I am curious to know about the functions $f \colon \mathbb{R}^2_{\geq 0} \to \mathbb{R}_{\geq 0}$ that satisfy the following equality. For each $\{x,y,z\} \subseteq \mathbb{R}_{\geq 0}$,$$f( f(x,y), z) = f(x, f(y,z)).$$ Examples of such functions include

1. $f_1(x,y) = 1$
2. $f_2(x,y) = x$
3. $f_3(x,y) = x + y + 1$
4. $f_4(x,y) = xy$
5. $f_5(x,y) = \max\{x,y\}$
6. $f_6(x,y) = \sqrt{x^2 + y^2}$

In addition, I require $f(x,y) = f(y,x)$ (disqualifies $f_2$) and $f(x,0) = x$ (disqualifies $f_1$, $f_3$, $f_4$).

From the examples, my wild conjecture is that $f$ has to be homogeneous of degree 1, but I cannot prove this. Any pointers on how to proceed are much appreciated!

Edit: I was also considering the following related question.

Let $f$ be homogeneous of degree 1 and satisfy the additional requirements, so $f(x,y) = f(y,x)$ and $f(x,0) = x$. Does $f$ then satisfy the main equality, $f( f(x,y), z) = f(x, f(y,z))$?

This also turns out to be false; a counter-example is $f(x,y) = \sqrt{xy} + x + y$.

Answer 1

Try $f(x,y) = xy+x+y = (x+1)(y+1)-1$. It satisfies all of the conditions and is not homogeneous.

Answer 2

The property that $f(x,f(y,z)) = f(f(x,y),z)$ means that $f$ is an associative product.

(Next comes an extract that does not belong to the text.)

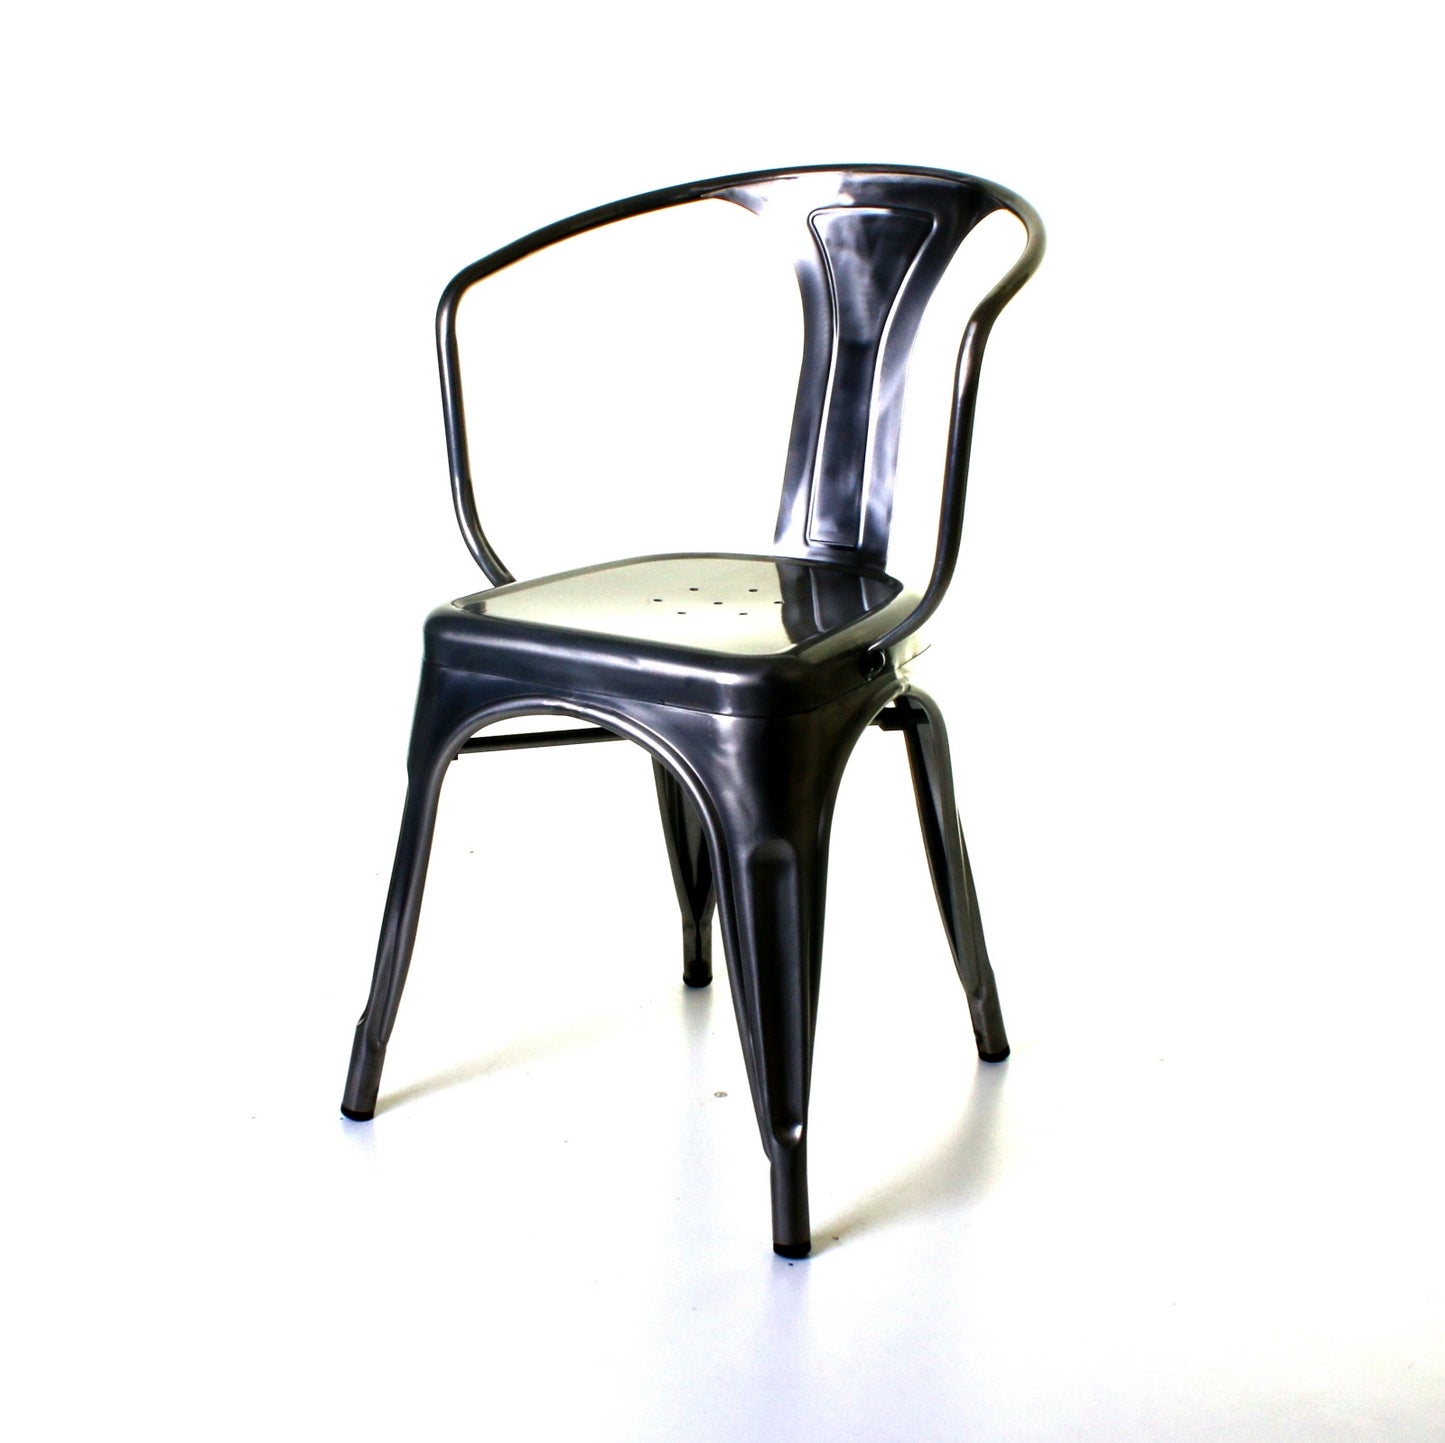 5PC Prato Table, 2 Forli Chairs & 2 Castel Stools Set - Steel
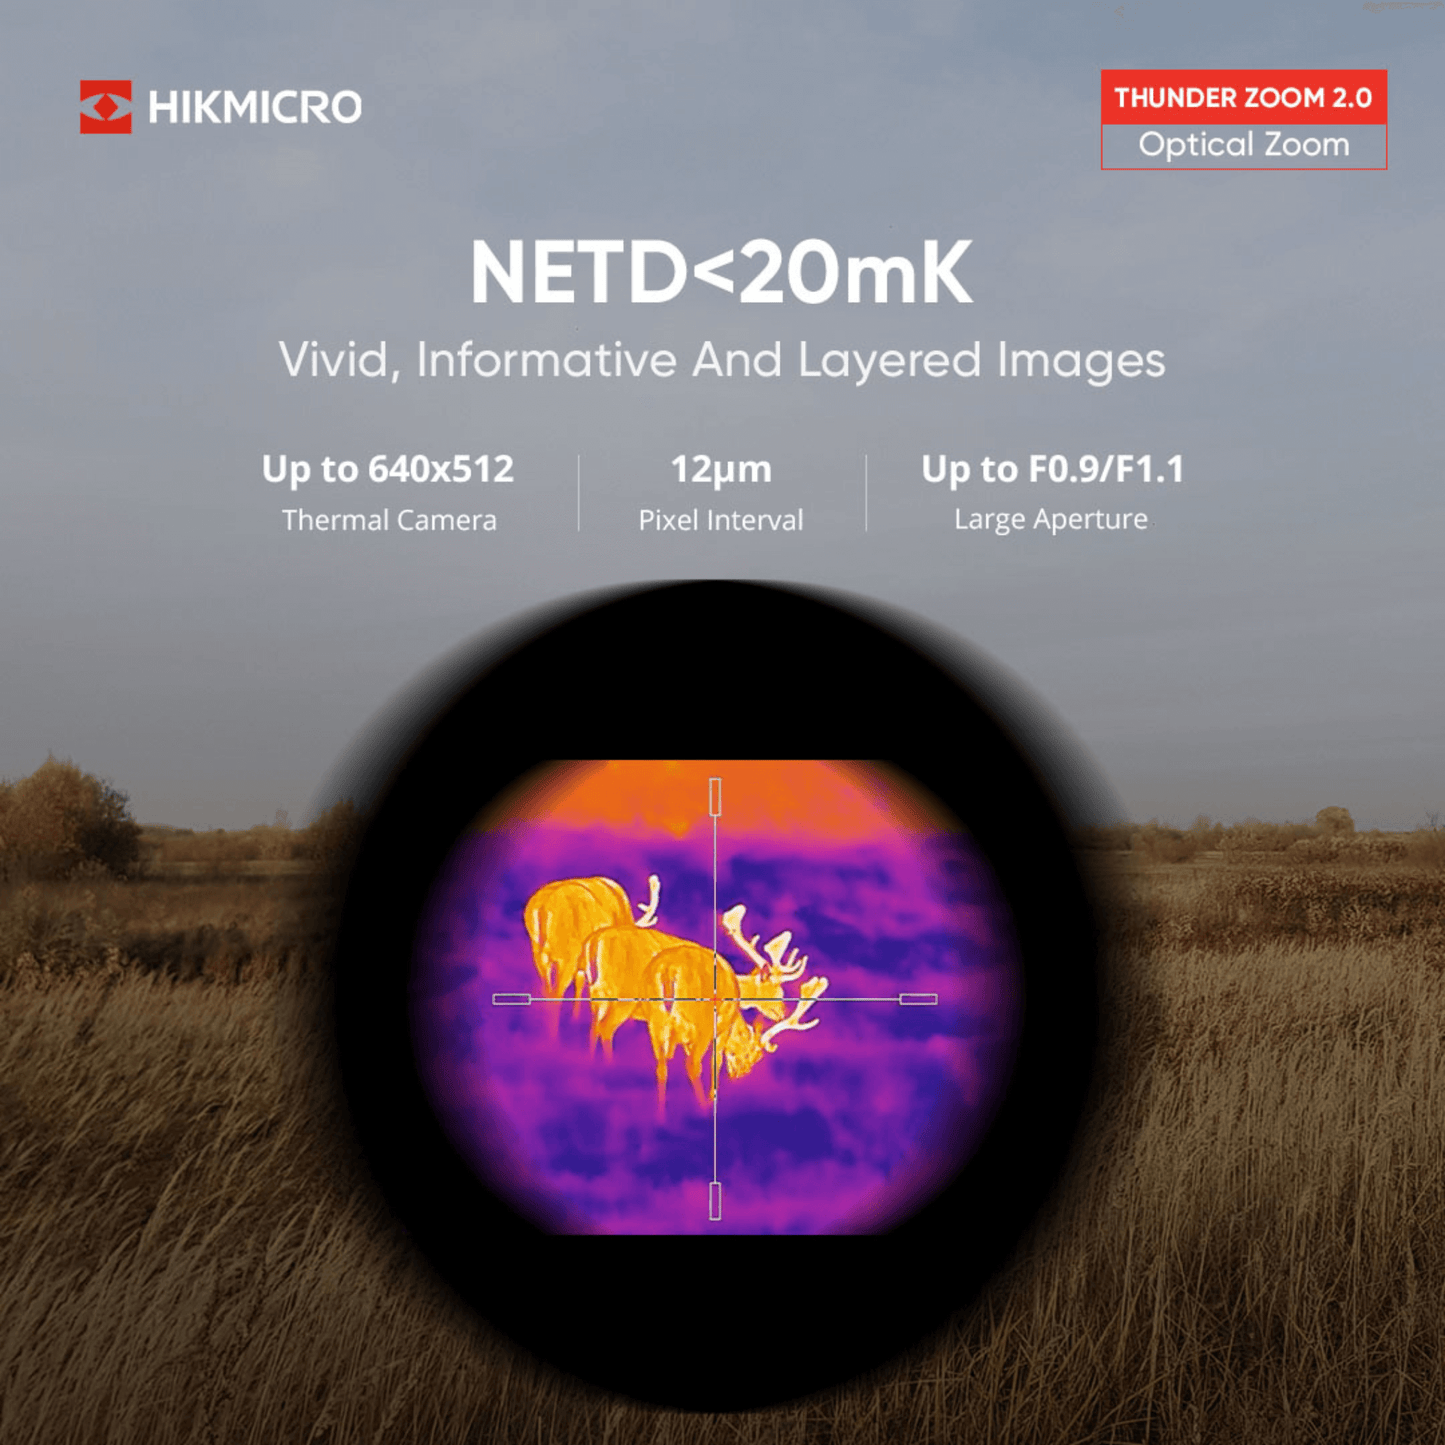 HikMicro Thunder Zoom TQ60Z 2.0 20mK NETD provides vivid imagery

$f(x,y) = f(y,x)$ means $f$ is a commutative product.

$f(x,0) = f(0,x) = x$ means $0$ is the unit of this product.

The triple $(\mathbb{R}_{\ge0},f,0)$ is called a commutative monoid, and your question is essentially about characterizing commutative monoid structures on $\mathbb{R}_{\ge0}$.

Unfortunately without more constraints there are a huge number of such structures that can behave pretty wildly. Here is an example of such a wild example:

Fix an arbitrary bijection $g: \mathbb{R}_{\ge0} \to \mathcal{P}(\mathbb{N})$ where $\mathcal{P}$ denotes the power set, which sends $0$ to the empty set. We can define a $f$ via the formula $f(x,y) = g^{-1}(g(x) \cup g(y))$. This will have the property that whatever $x$ gets sent to the whole set $\mathbb{N}$ satisfies $f(x,y)=x$ for all $y$, and this is definitely not homogeneous.